In older VPx codecs, this second reference frame was, necessarily, the previous I-frame (keyframe). The bookmarked reference frame approach is more accurate and is very usefull to reduce bitrate in fast-changing scenes. Using more than 2-3 reference frames produces indeed modest improvements in compression ratio.

VP6 uses an “adaptive sub-pixel motion estimation”. The filters used for motion estimation are sensitive to content which allows the motion estimation to better preserve detail.
Quarter pel motion compensation is supported as well as unrestricted motion compensation. The range of motion compensation has been increased from previous codecs (extended long range).

VP6 takes advantages also of a better prediction of low-order frequency coefficients and an improved quantization strategy that preserves more details in the output.

For entropy coding, VP6 uses various techniques based on complexity and/or overall frame size,  including VLC and context modeled binary coding.

To achieve any requested data rate, the codec chooses automatically to adjust quantization levels, adjust encoded frame dimensions, or drop frames altogether. Much of the efficiency of the codec is dued to an efficient in-loop deblocking filter (like in H.264).
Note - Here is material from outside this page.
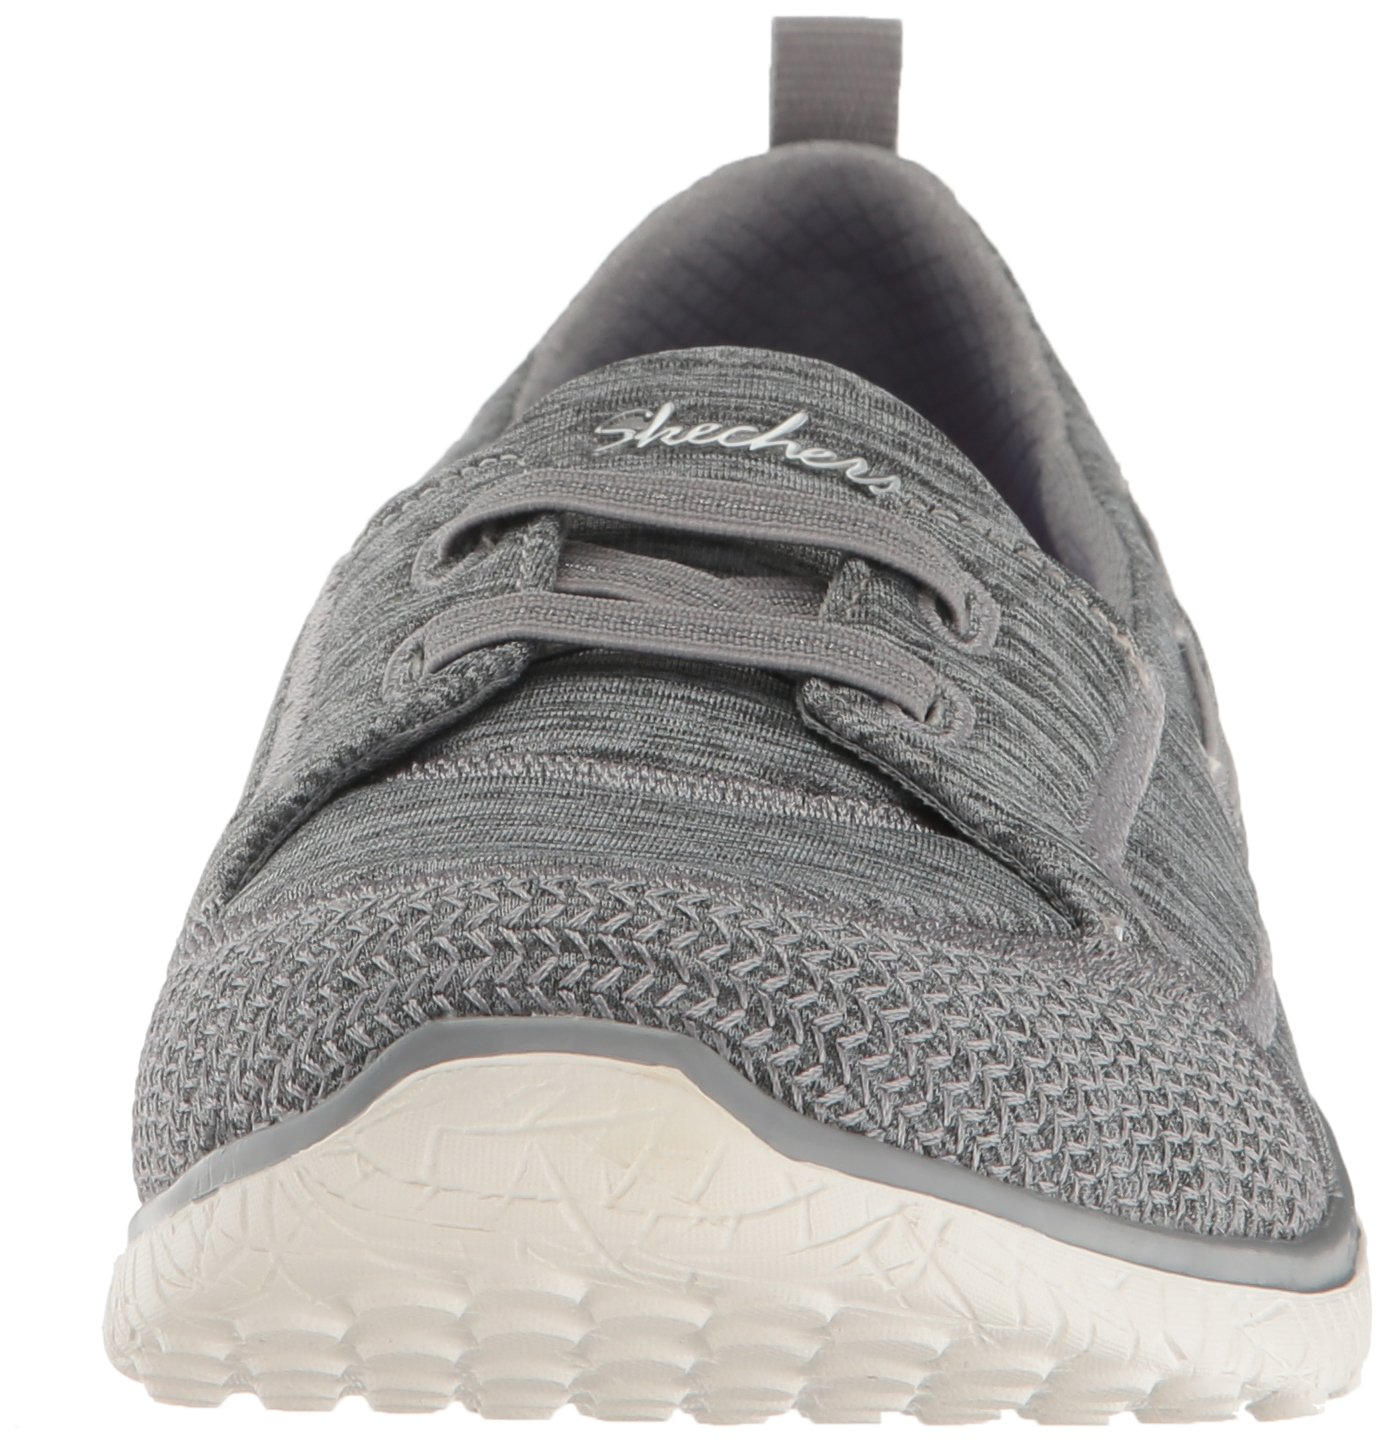 Skechers Microburst-Topnotch amazon-shoes blu-marino Venta Caliente Barato Costo Sast Salida Mbsez

The relatively high bandwidth available today to Internet users and the improvement in processing power (with multi-core cpu) are strongly pushing HD contents on the web. Starting from FP9 update 2, Flash Player is able to leverage modern multi-core cpu capabilities and video acceleration via Hardware. Today the Flash Player is finally able to decode hi-definition videos on a personal computer at full screen. Since Full High definition (1920×1080) decoding is still a complex task and a lot of processor out there have only one core, Adobe and On2 have defined a new fast “simple profile” for VP6, calles VP6-S. This profile, aimed at facilitating the decoding of HD footages for older systems, disables some cpu-hungry techniques like deblocking filter and arithmeric coding, and reduces the complexity of sub-pixel filtering. At high-bitrate (1.5-2Mbit/s or more) there are only a small loss in efficiency but a 30/40% less processing power needed.
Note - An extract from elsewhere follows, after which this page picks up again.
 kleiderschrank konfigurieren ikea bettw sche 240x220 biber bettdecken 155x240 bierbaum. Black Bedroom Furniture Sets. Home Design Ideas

VP6 vs H.264 and Conclusions

For what we have said, it is clear that VP6 is much simplier than H.264. And this is its main advantage. VP6 requires less complexity both in decoding and encoding stage.

how can VP6 obtain encoding performance comparable to H.264 ?

We must consider that VP6 uses fewer but efficient encoding techniques. A mix of adaptive sub-pixel motion estimation, better prediction of low-order frequency coefficients, improved quantization strategy, de-blocking and de-ringing filters or enhanced context based entropy coding, produces compressed movies with a very good “perceptual” quality.

Furthermore, we have already described the difference between a codec technology and a codec implementation. H.264 has a lot of modes, options and annexs, and to built an efficient encoder is quite difficult.
Fortunately the implementation of the H.264 decoder in the Flash Player is quite complete and supports Base, Main, High and High 10 profiles completely.  The decoder exploits multi-core cpus and hardware video layer acceleration for full-screen playback. MainConcept (A firm specialized in video codec) has written the decoder in only 100Kbytes (compressed).
The encoders on the market are every day more efficient but only recently has been possible to see the real potentiality of H.264.

Concluding, I think Vp6 has been a very good codec and even today it offers an interesting power/performance ratio. H.264 requires more power, requires licensing but produce better results expecially at lower bitrate.

I’ll post soon a couple of examples of state-of-the-art H.264 encoding where you will be able to judge what is possible with the latest encoders.